### Work instruction:
Reproduce all of the data below without alteration; exclude every picture.

### Data below:

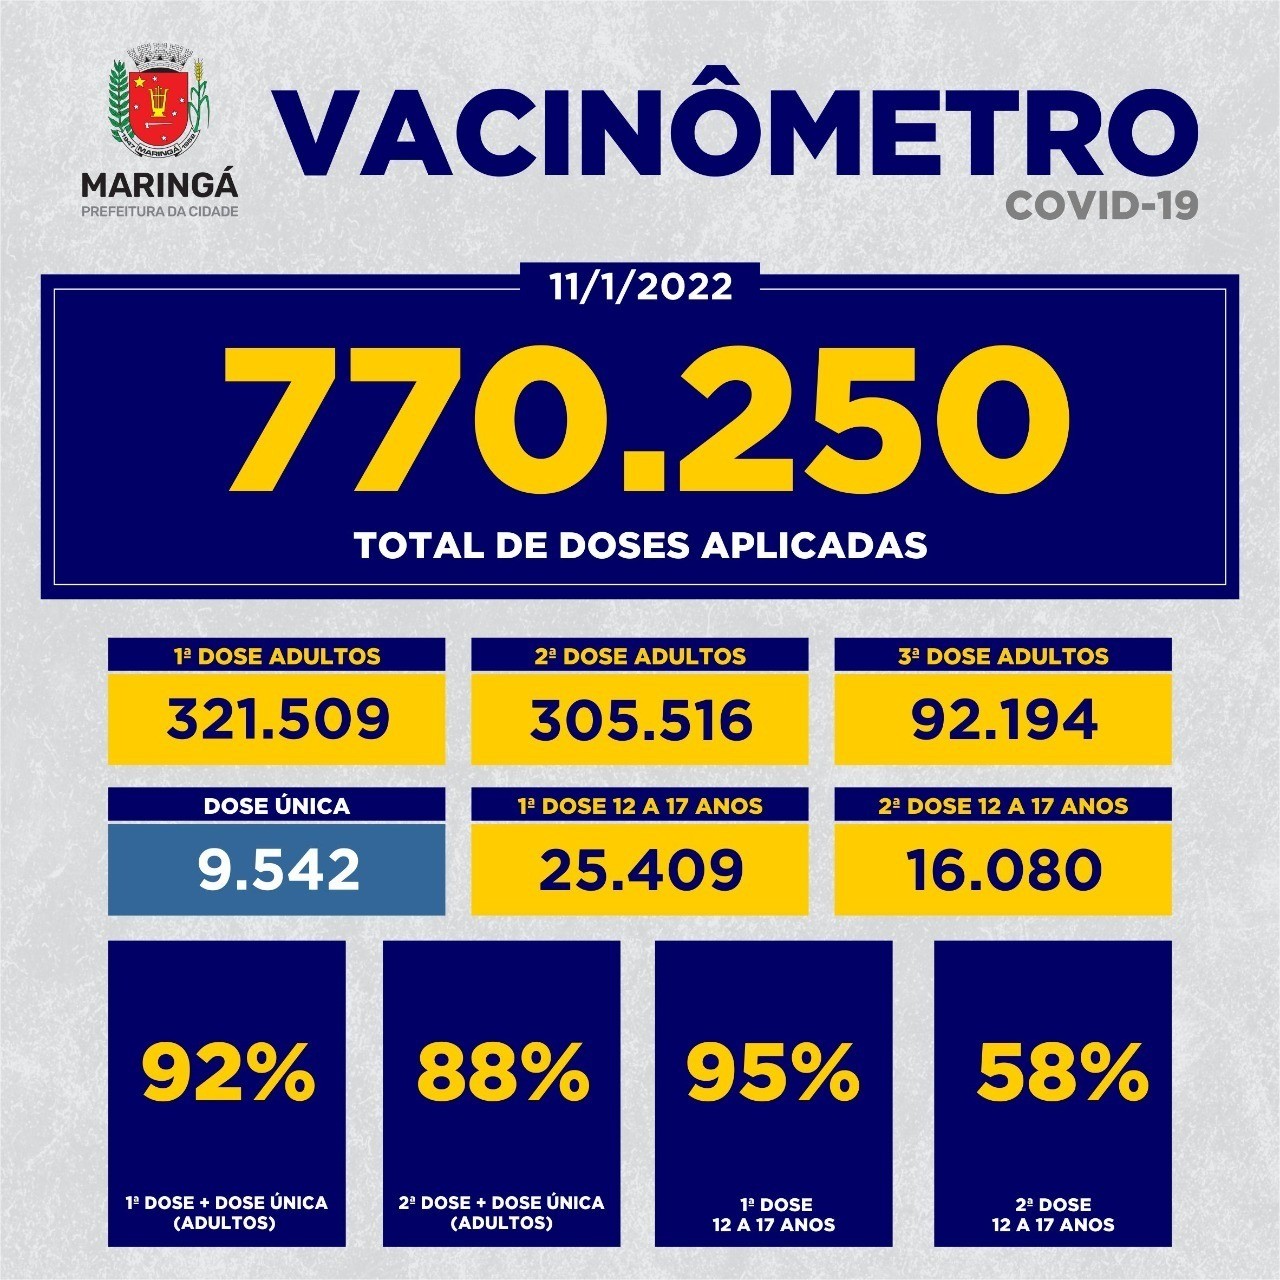 Maringá registra 770.250 pessoas vacinadas contra coronavírus
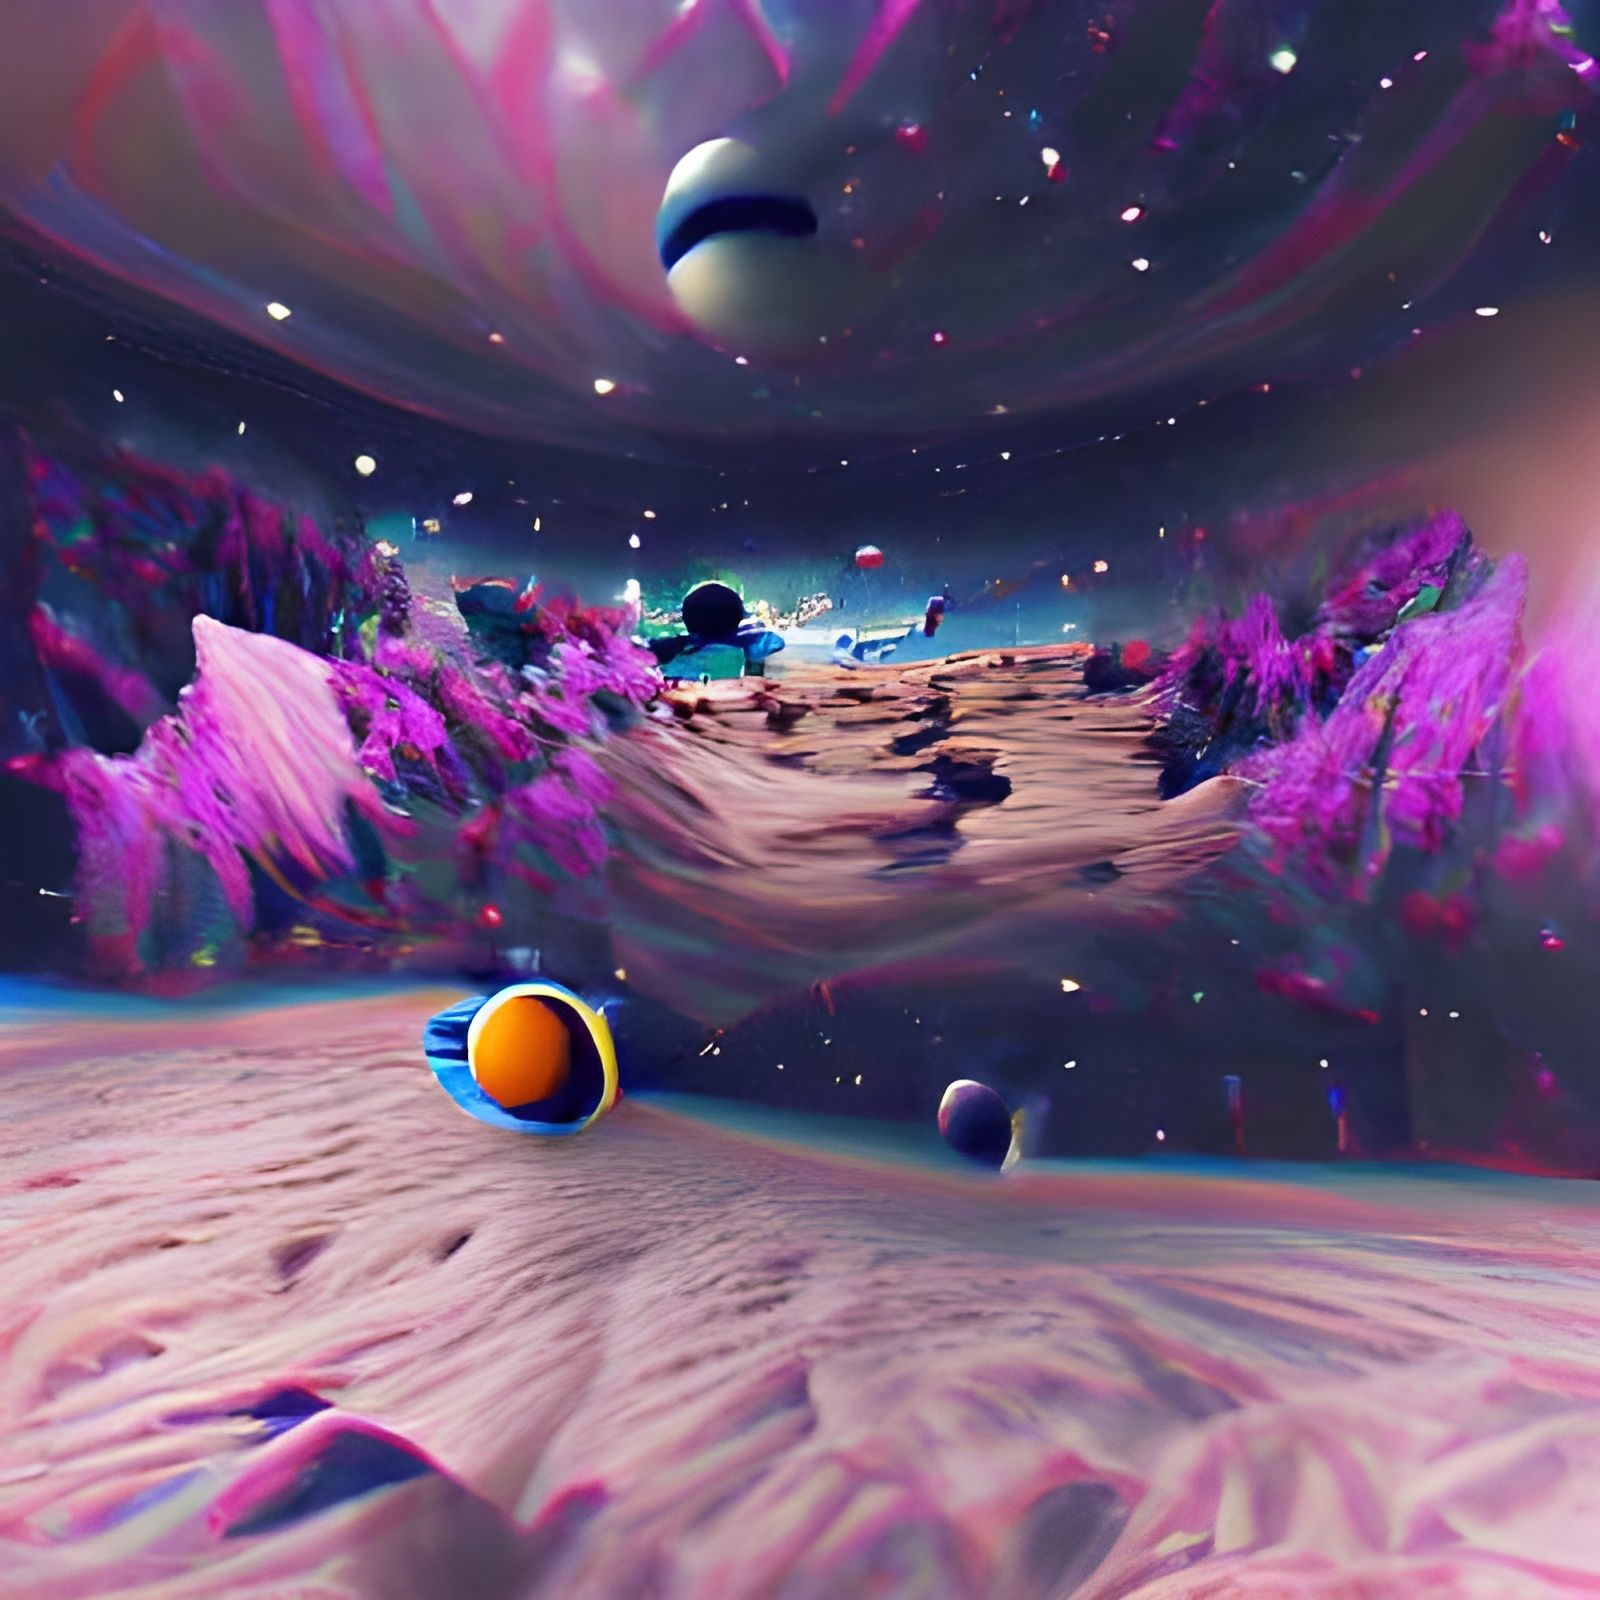 Space behind planet
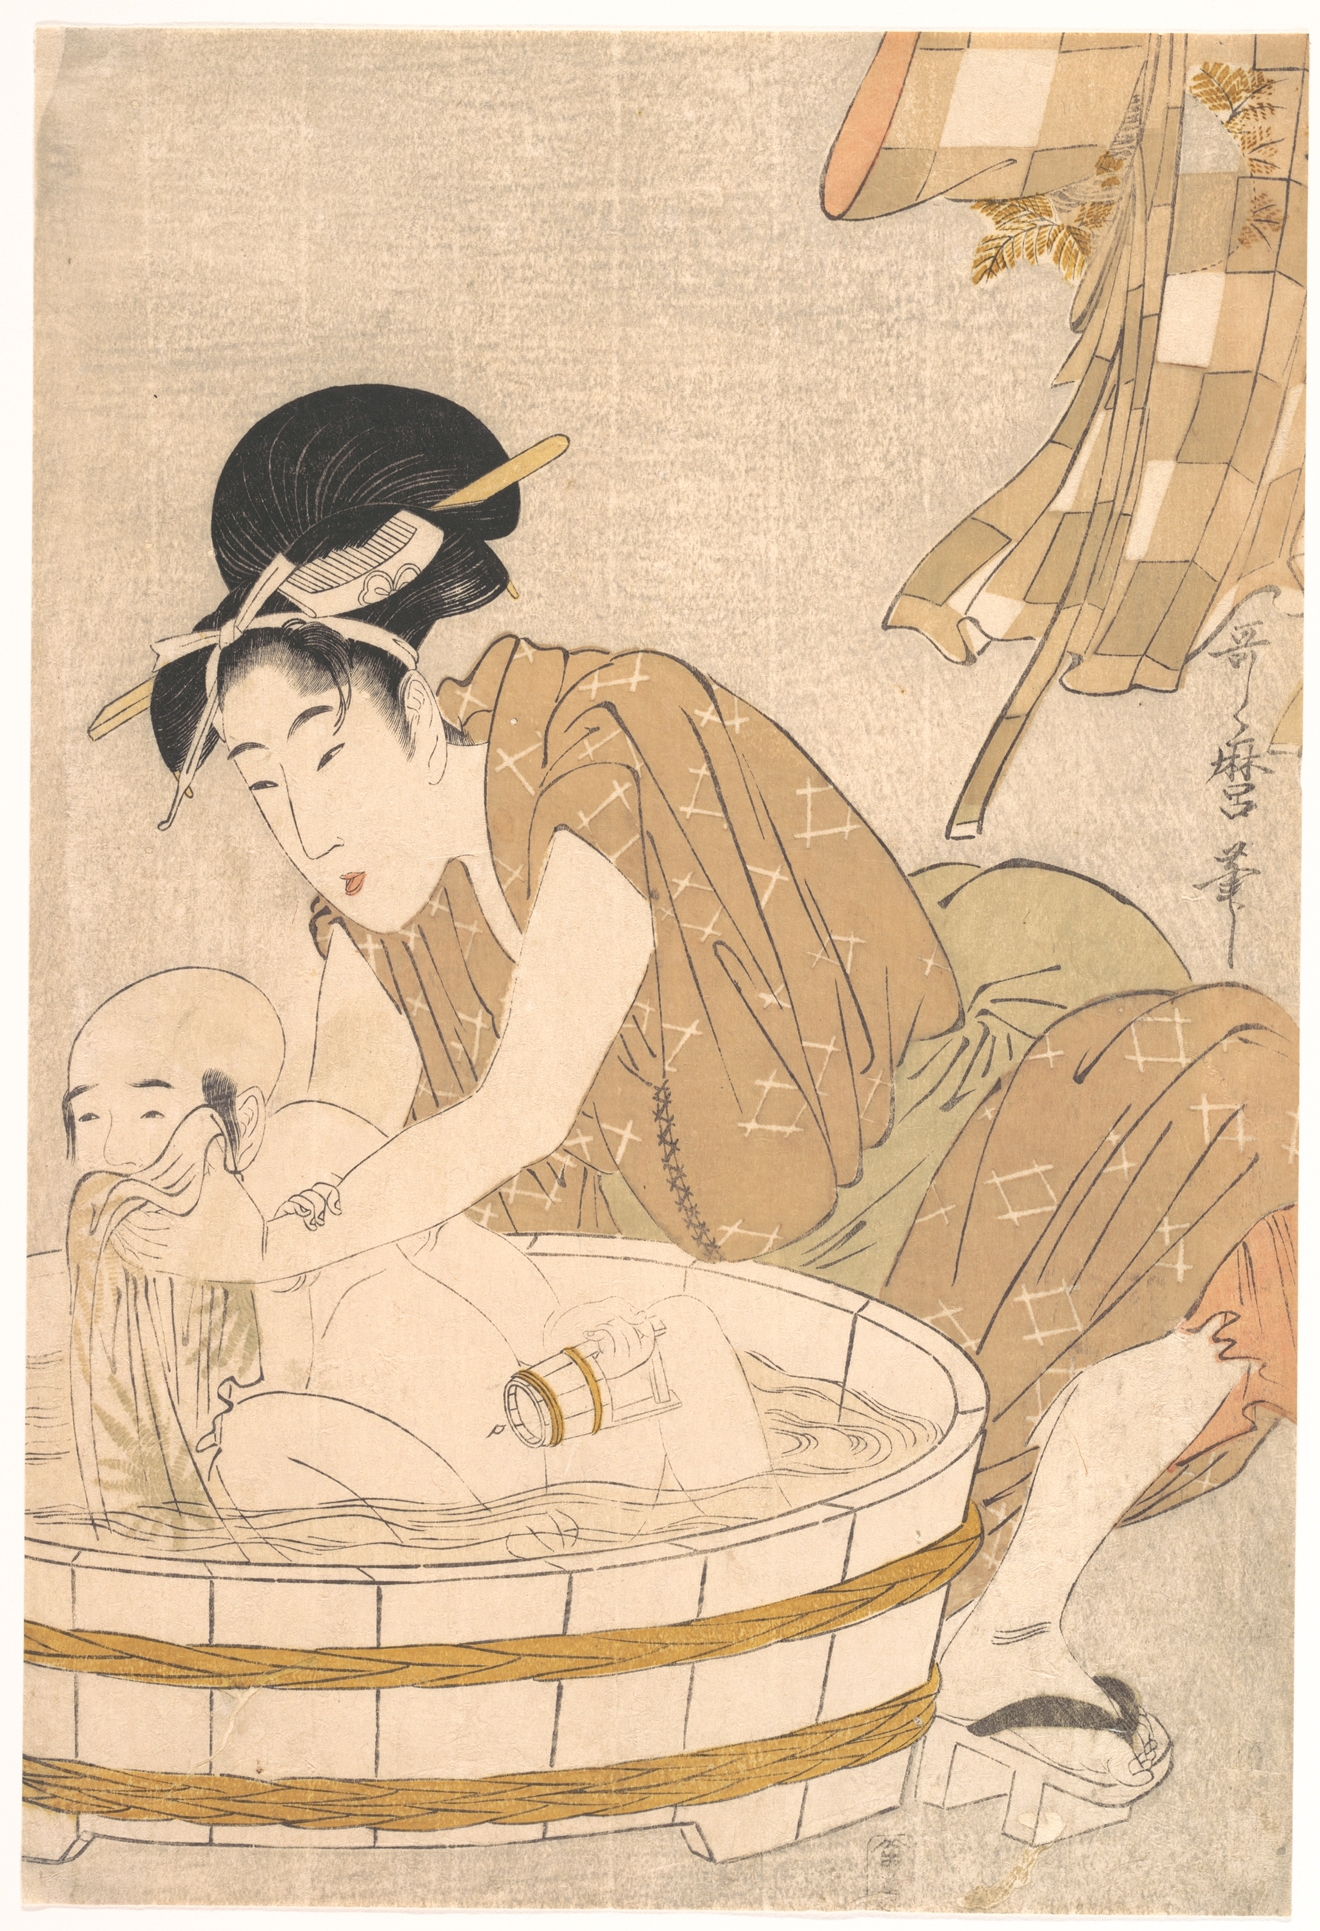 Il bagno by Kitagawa Utamaro - 1801 circa - 37,3 x 25,1 cm 
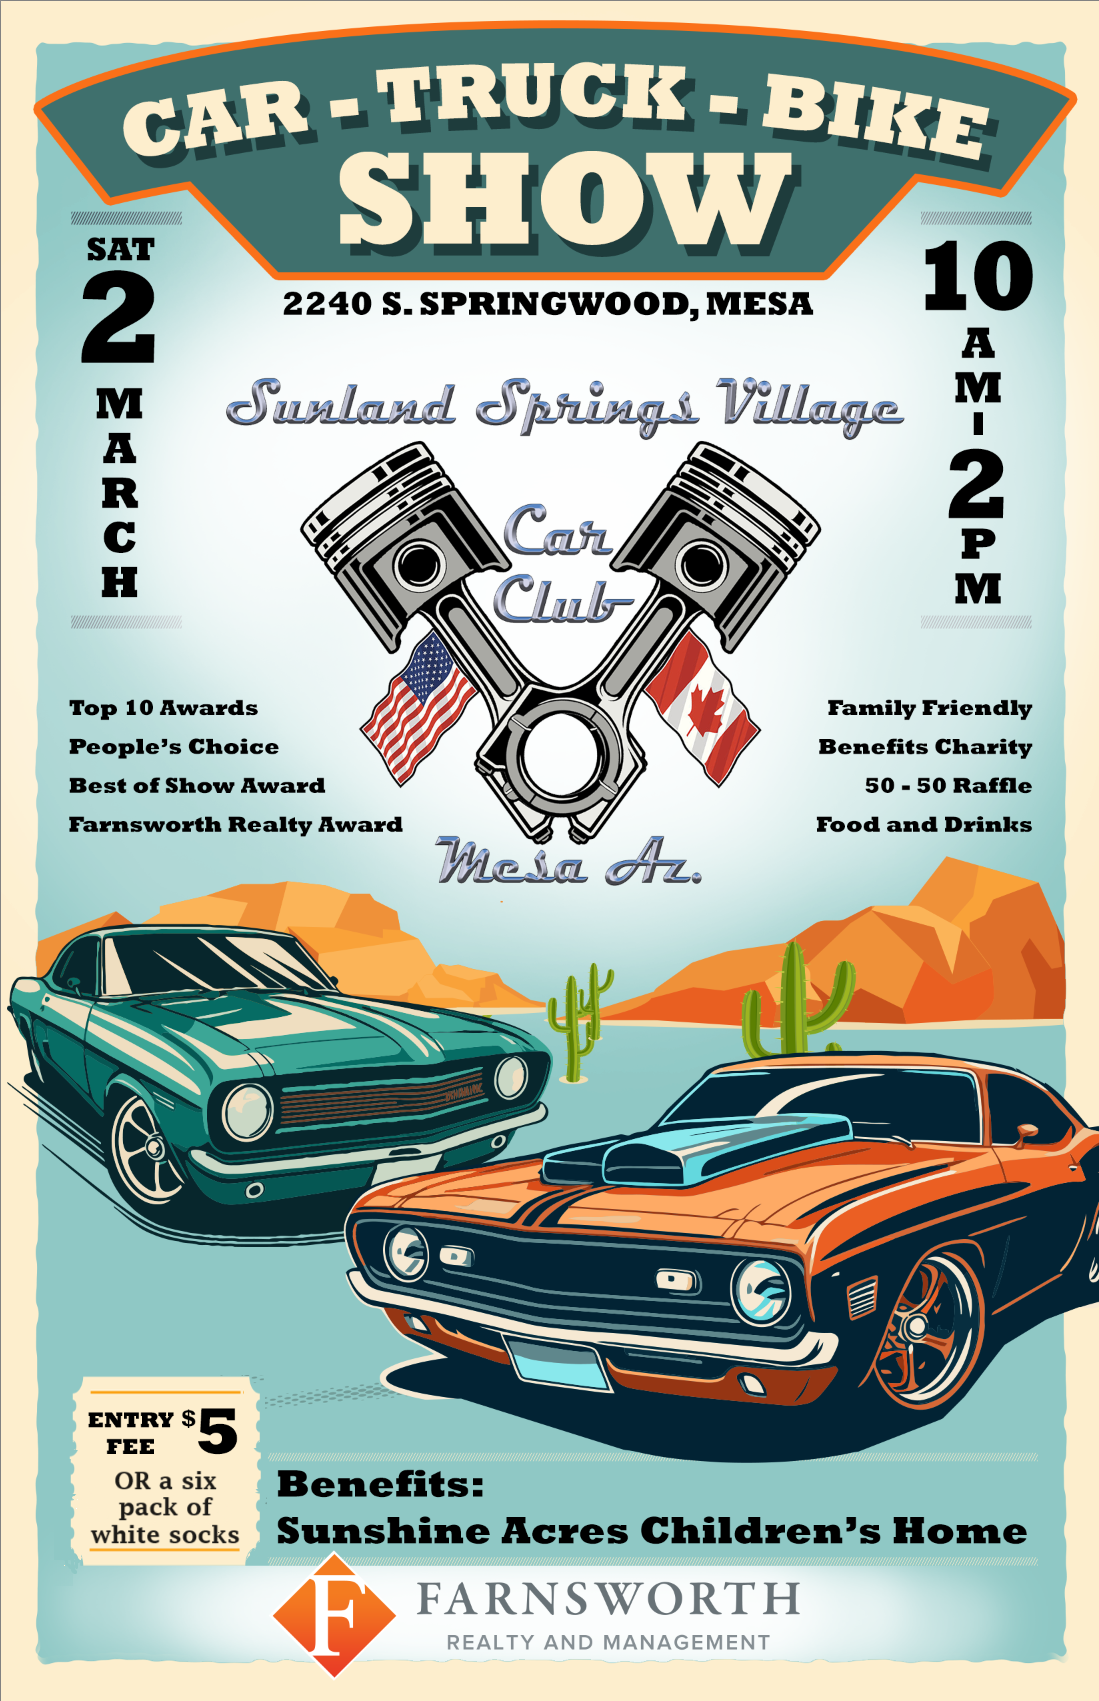 Sunland Springs Village Annual Car Show

### Response below:
 Maringá registra 770.250 pessoas vacinadas contra coronavírus
 Space behind planet
 Il bagno by Kitagawa Utamaro - 1801 circa - 37,3 x 25,1 cm 
 Sunland Springs Village Annual Car Show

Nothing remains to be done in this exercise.